Tuesday, January 17, 2012

#17 / Controversy And Democracy

 

I was an elected official in Santa Cruz County for twenty years, from 1975 to 1995, and my personal involvement in politics was precipitated not by any particular career ambition, but came out of my involvement with a community group in Santa Cruz that had both a specific and a general objective. 
 
Specifically, the Save Lighthouse Point Association wanted to protect and preserve Lighthouse Field as the last open space on the coast in the City of Santa Cruz. This was a controversial issue at the time, and we were ultimately successful. More generally, the Save Lighthouse Point Association wanted to transform our local politics, to make that politics more responsive to what the public actually wanted, as opposed to what our elected representatives were then doing for us (or to us). By and large, that has been a successful effort, too, and that was the effort that led me to my 20-year stint as a member of the Santa Cruz County Board of Supervisors.
 
During my time on the Board, Santa Cruz County voters adopted a comprehensive growth management program (Measure J), and the Board amended the County General Plan and its Local Coastal Plan several times, always with the objective of protecting farmland and preventing urban sprawl.

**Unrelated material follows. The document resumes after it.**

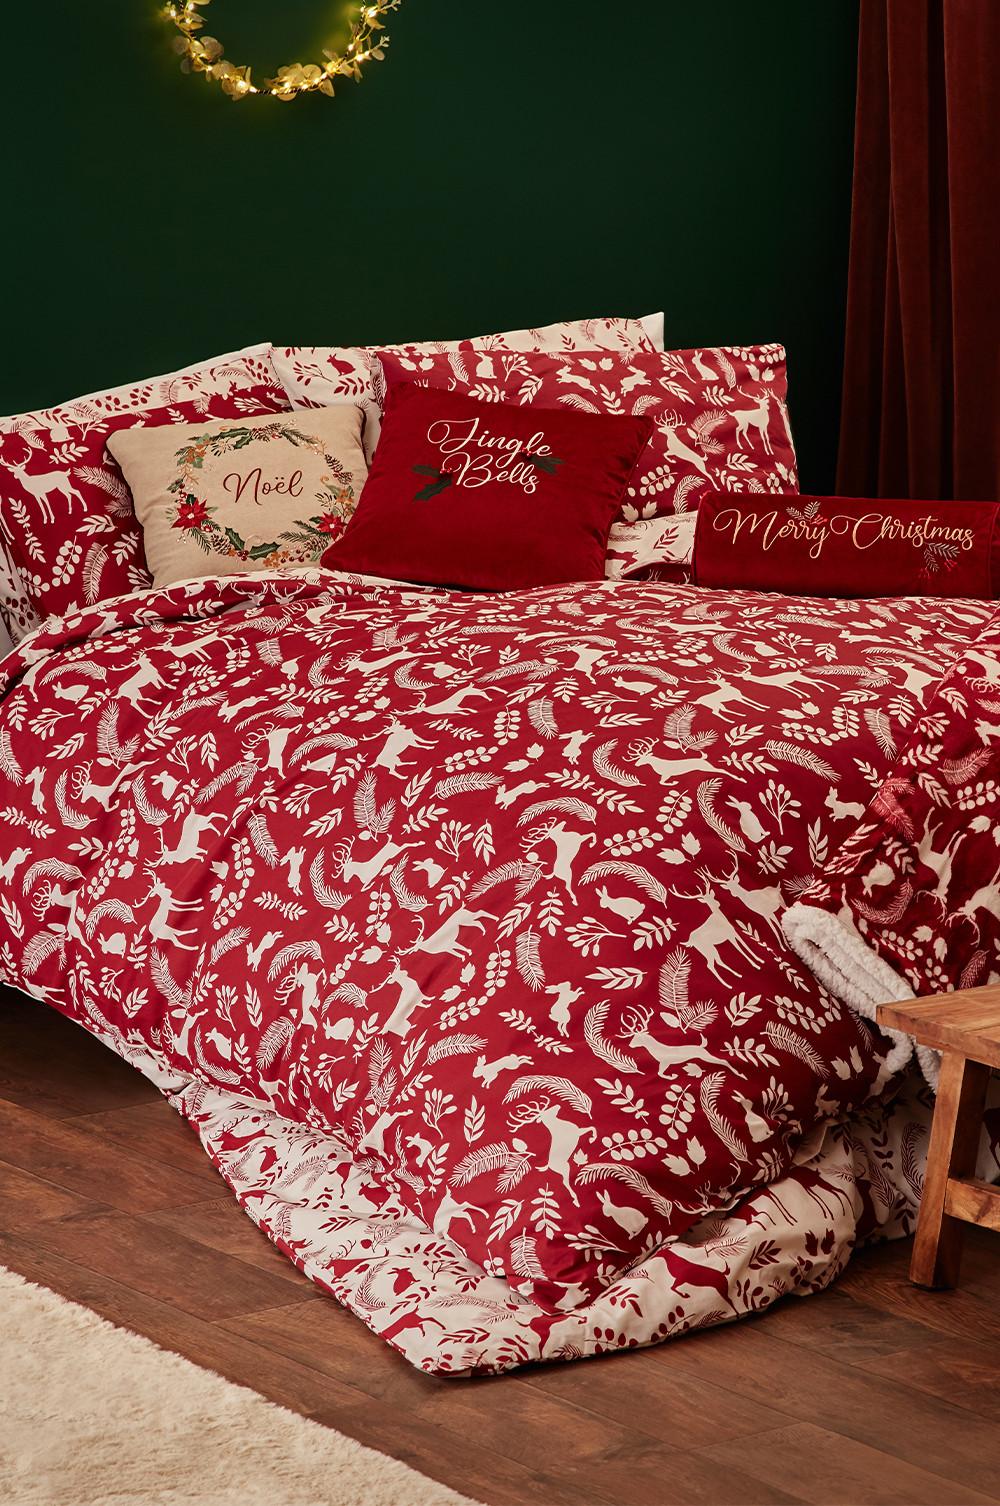 Christmas bedding and pillows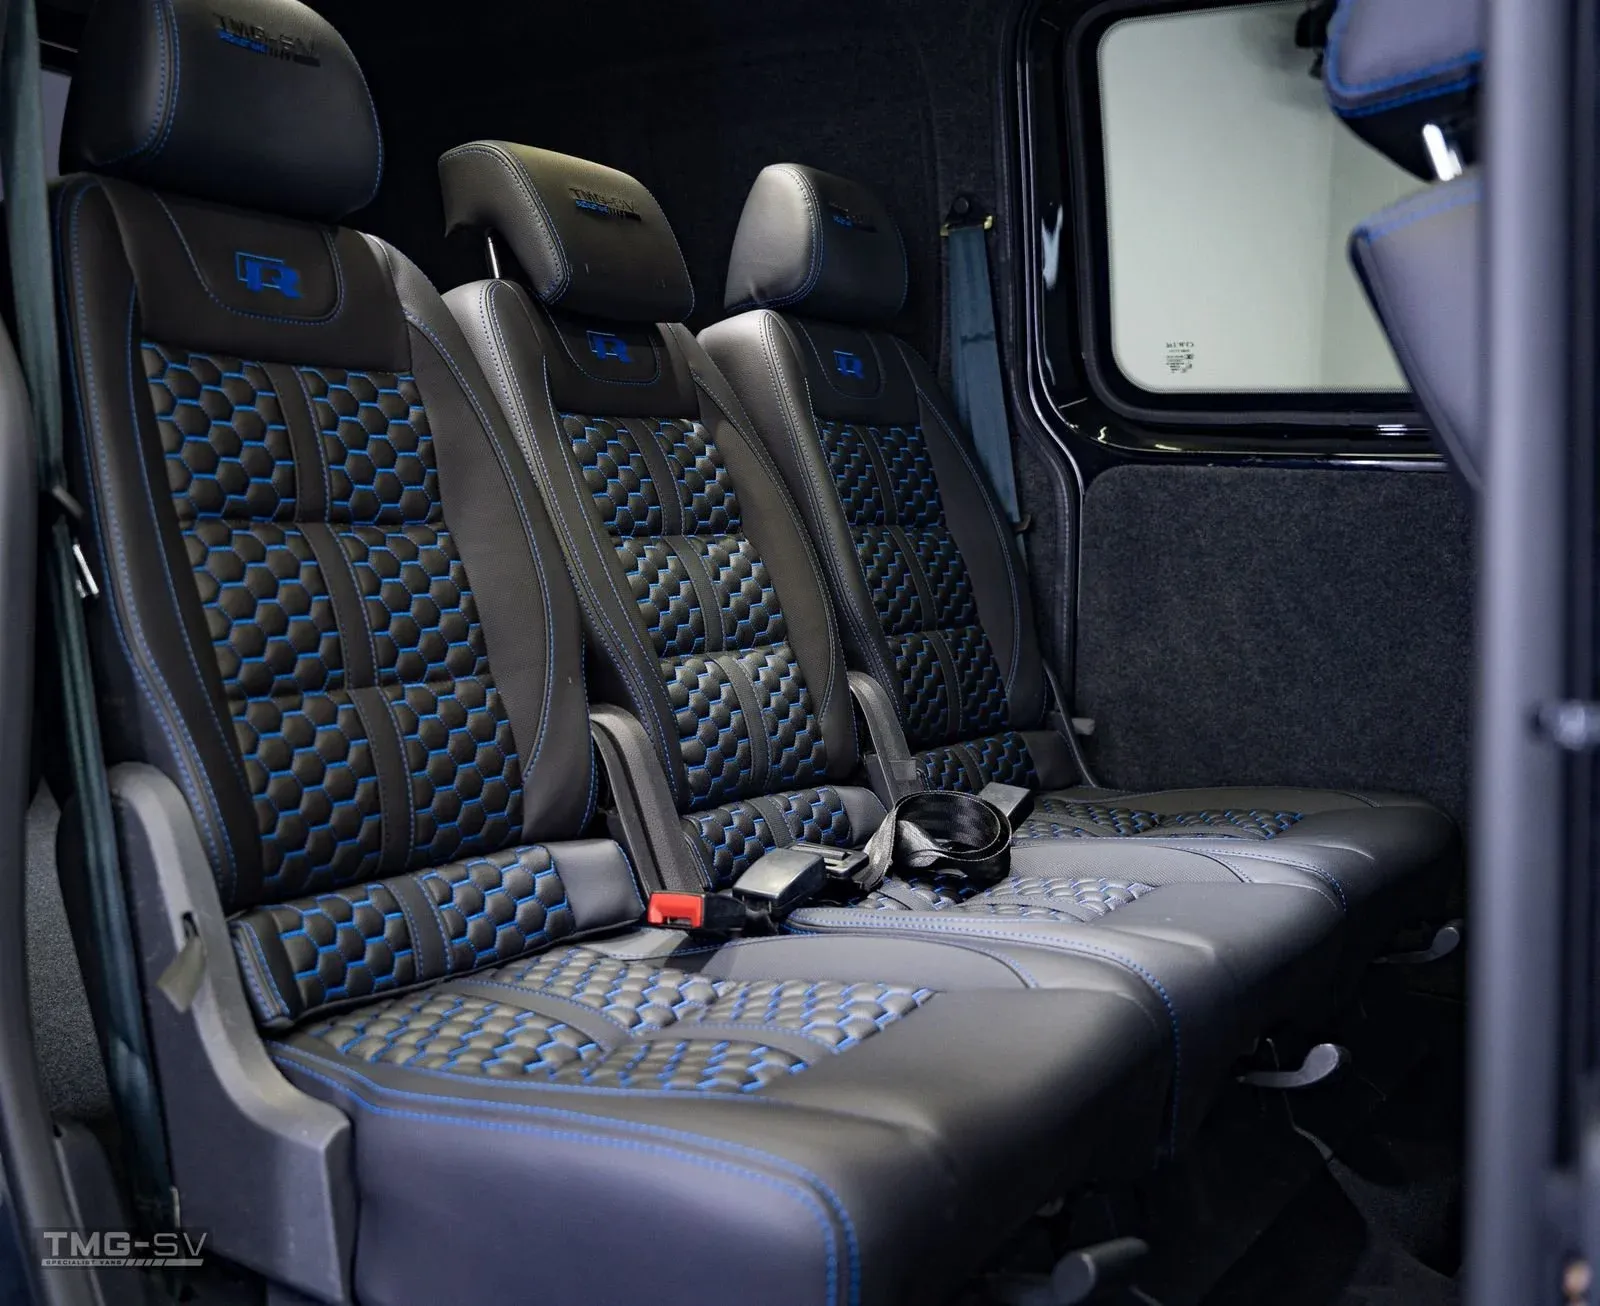  VW Caddy Rear Seat Conversions - OEM versus aftermarket

The County Government also raised money and spent it on the public projects that the public was asking for, notably in creating and implementing a strong redevelopment effort in the Live Oak and Soquel area. The County did not see “redevelopment” as the way to pave over open space and agricultural land, but as a way to direct public investment into the communities where people already lived. It’s a prescription I am still recommending on my weekday Land Use Reports on KUSP Radio.
 
Here are two conclusions I have come to, after what now amounts to a lifetime of personal involvement in local government: First, we can’t have any genuine self-government unless we are willing to get involved ourselves. There is no shortcut to democracy. If we want to make the world more responsive to our own priorities, we can’t do that by individualistic, private actions. We need to “get it together,” and to act in the public realm. If we are waiting for someone else to do what we want, just because it’s obvious what is “right,” we will be waiting a really long time.
 
Second, our government won’t be responsive to the public unless there is a spirited public conversation, with debate and disagreement, conflict and controversy. That kind of conversation and debate is healthy and good. Suppressing disagreements and debate is always a step away from the kind of involved participation in government that we need to foster, not reject.
 
A vigorous and informed press is practically the most important thing going, if we care about the future of our national, state, and above all local government institutions, and about what we can do together if we get involved ourselves!



2 comments:

  1. Democracy starts between the ears. If we wait to practice democracy at the ballot box, it's too late.

    ReplyDelete
  2. As I like to say: Electing the people who hire the people who run our lives for us is not really "democracy."